Personnellement, je ne suis ni pacifiste ni antimilitariste et ne récuse aucunement la nécessité de disposer, en France et/ou en Europe, d’un système de défense dissuasif. Il appartient au Collège Interarmées de Défense (CID) d’anticiper et de définir les dispositions appropriées en cas de renoncement à notre force de frappe nucléaire ( En ce XXI ème siècle, la paix dénucléarisée est affaire trop sérieuse pour ne pas requérir l’avis des militaires... ).

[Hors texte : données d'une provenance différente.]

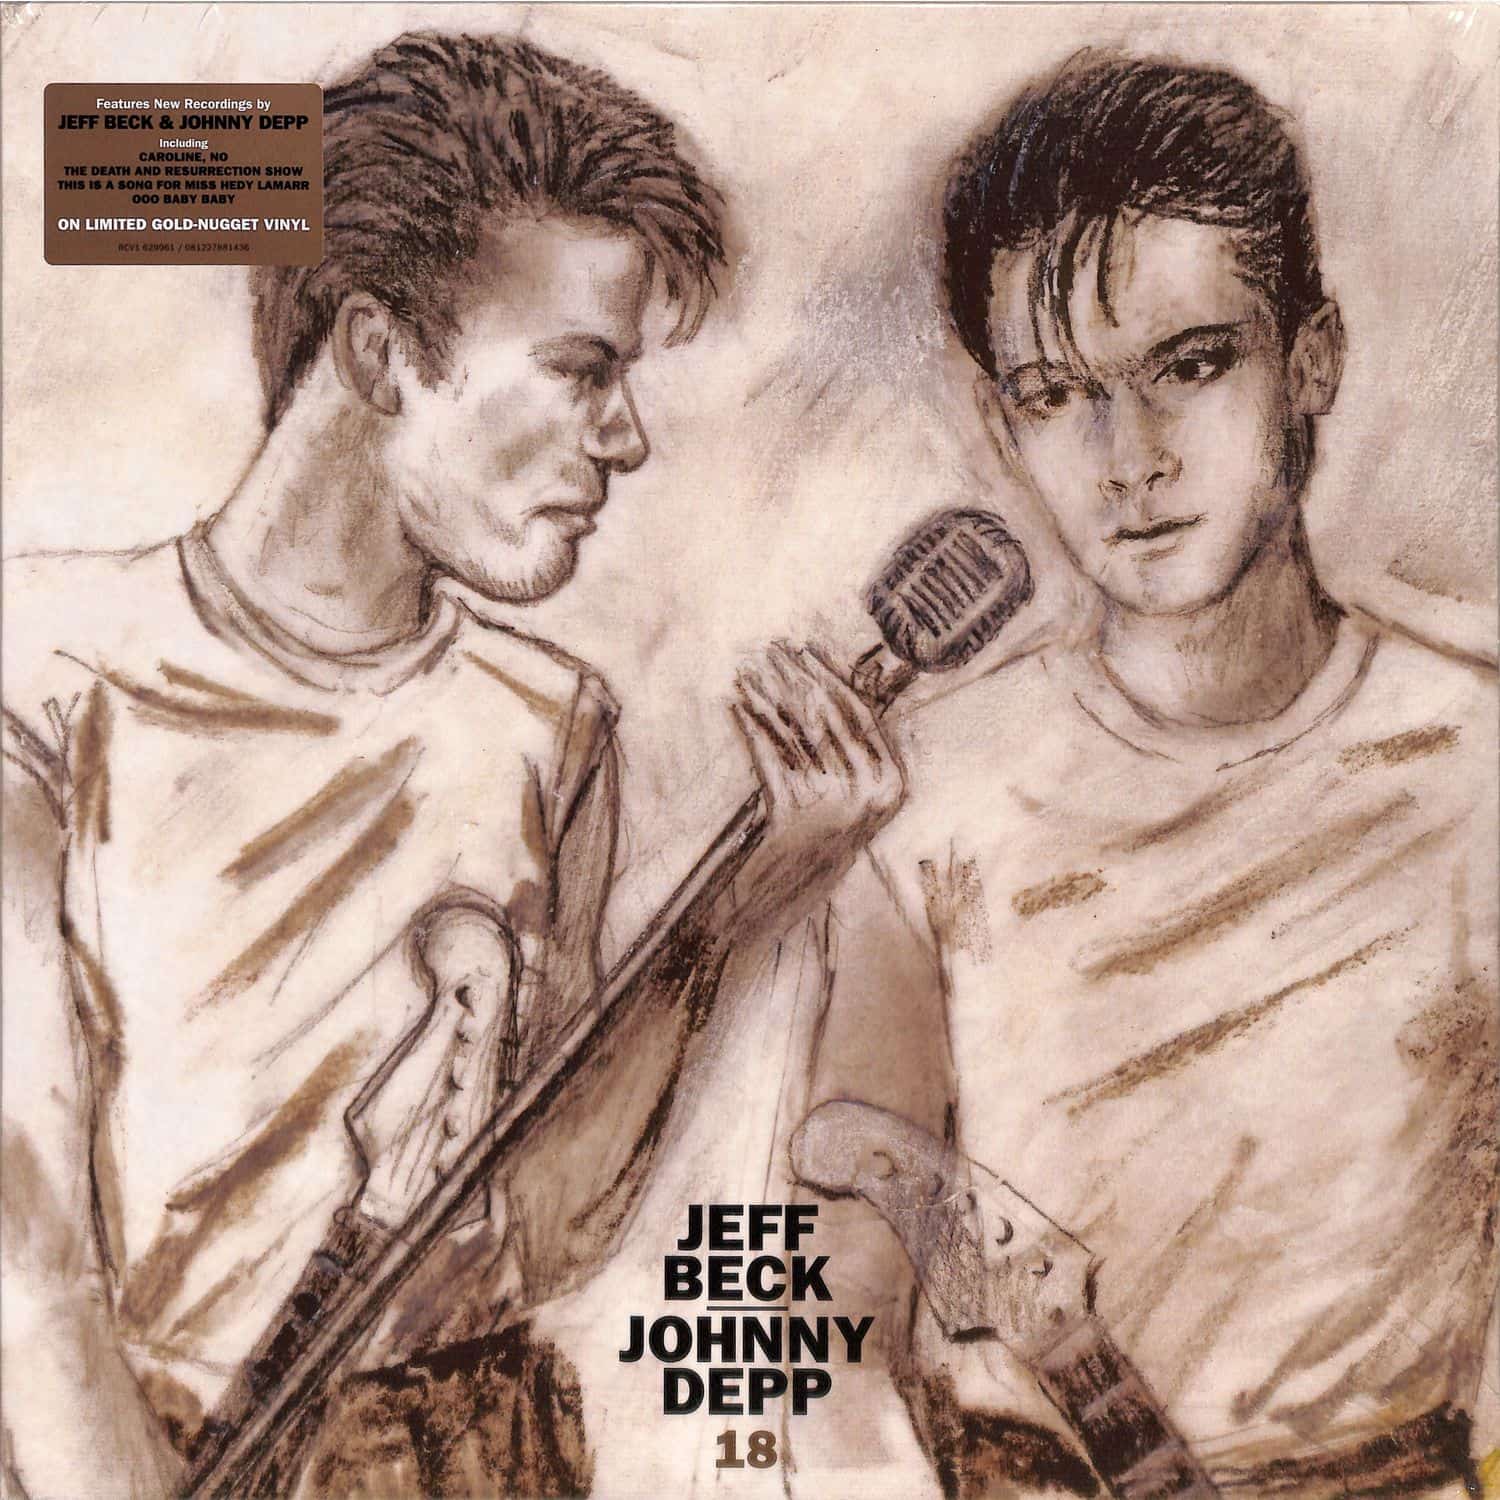 Jeff Beck and Johnny Depp - 18

Le prochain forum économique mondial de Davos va se tenir entre les 25 et 29 janvier. Dans le cadre de la préparation de ce forum, Nandan Nilekani, Président d’Infosys ( Importante multinationale indienne dans le domaine de l’informatique ) a déclaré « Nous assistons en ce moment même à une redistribution des pouvoirs fondamentaux entre les acteurs de l’économie mondiale ». Des hommes d’affaires chinois tiendraient les mêmes propos triomphants. Pour se consoler, les optimistes diront que la France a encore de beaux restes ... Il n’empêche que - sans même parler de Davos - notre classe politique, prise en tenaille entre électoralisme et réalité comptable, semble impuissante à dresser la feuille de route d’une démarche visant tout à la fois l’efficacité économique et l’équité sociale. Va-t-elle, de surcroît, laisser d’autres témoigner à sa place de certaines valeurs universelles dont la France, drapée dans son exception, a toujours voulu se montrer l’apôtre mais que son arsenal nucléaire profane incongrûment ?

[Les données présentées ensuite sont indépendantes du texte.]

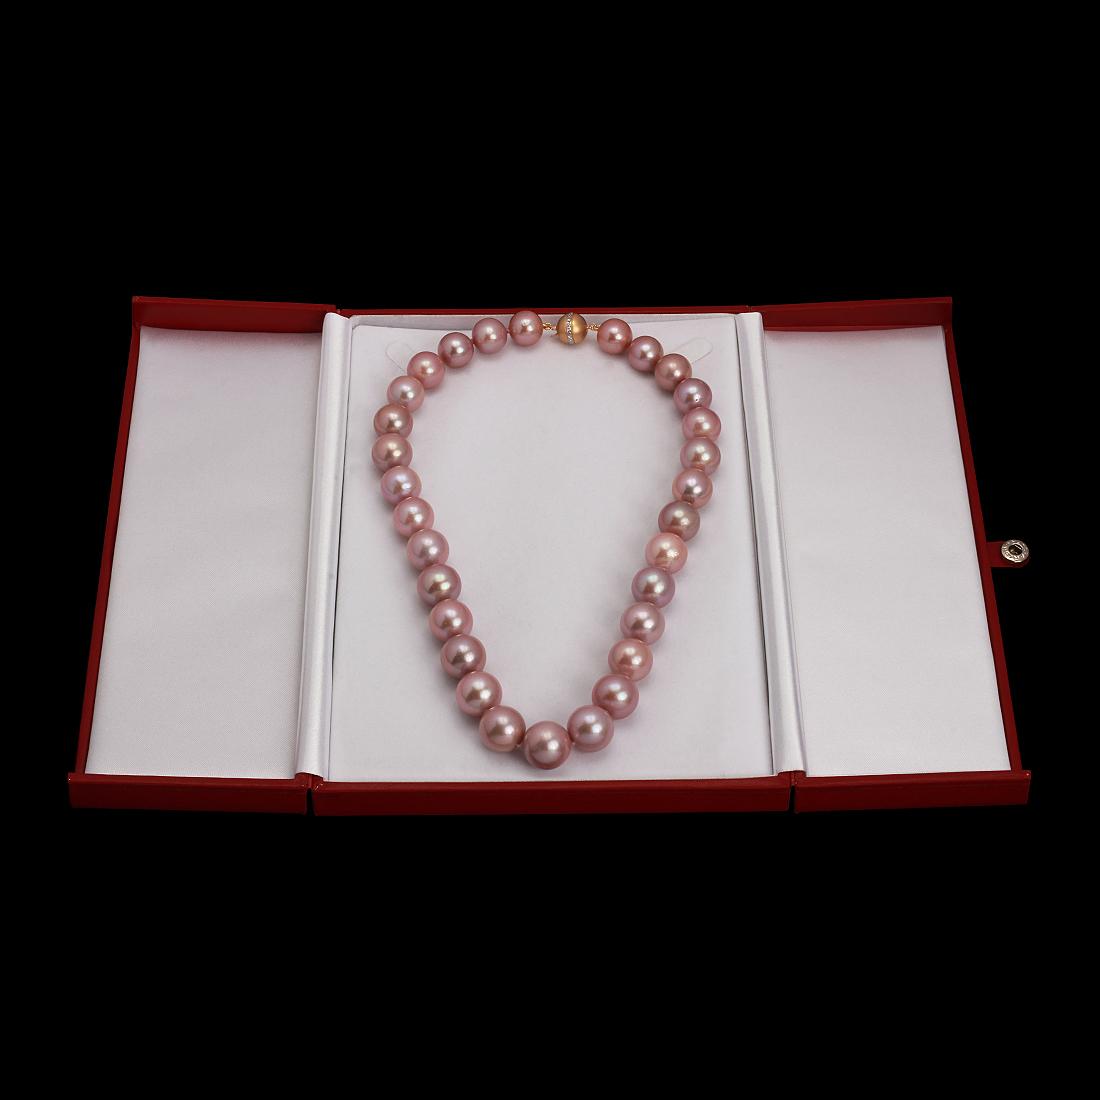 13-15mm South Sea Cultured Pearl Necklace

Je souscris totalement à votre commentaire de « Si vis pacem para bellum ». Pour ma part, perdant mon latin devant la frilosité de nos dirigeants, je me contenterai de conclure par « Si personne ne veut périr par le nucléaire, que personne n’ait d’arme nucléaire ».

Persuadé que votre saine colère vous procurera l’énergie nécessaire afin de réussir à secouer notre société comme vous le souhaitez, je vous prie de croire, Madame, Monsieur l’abbé, Messieurs, à toute ma considération.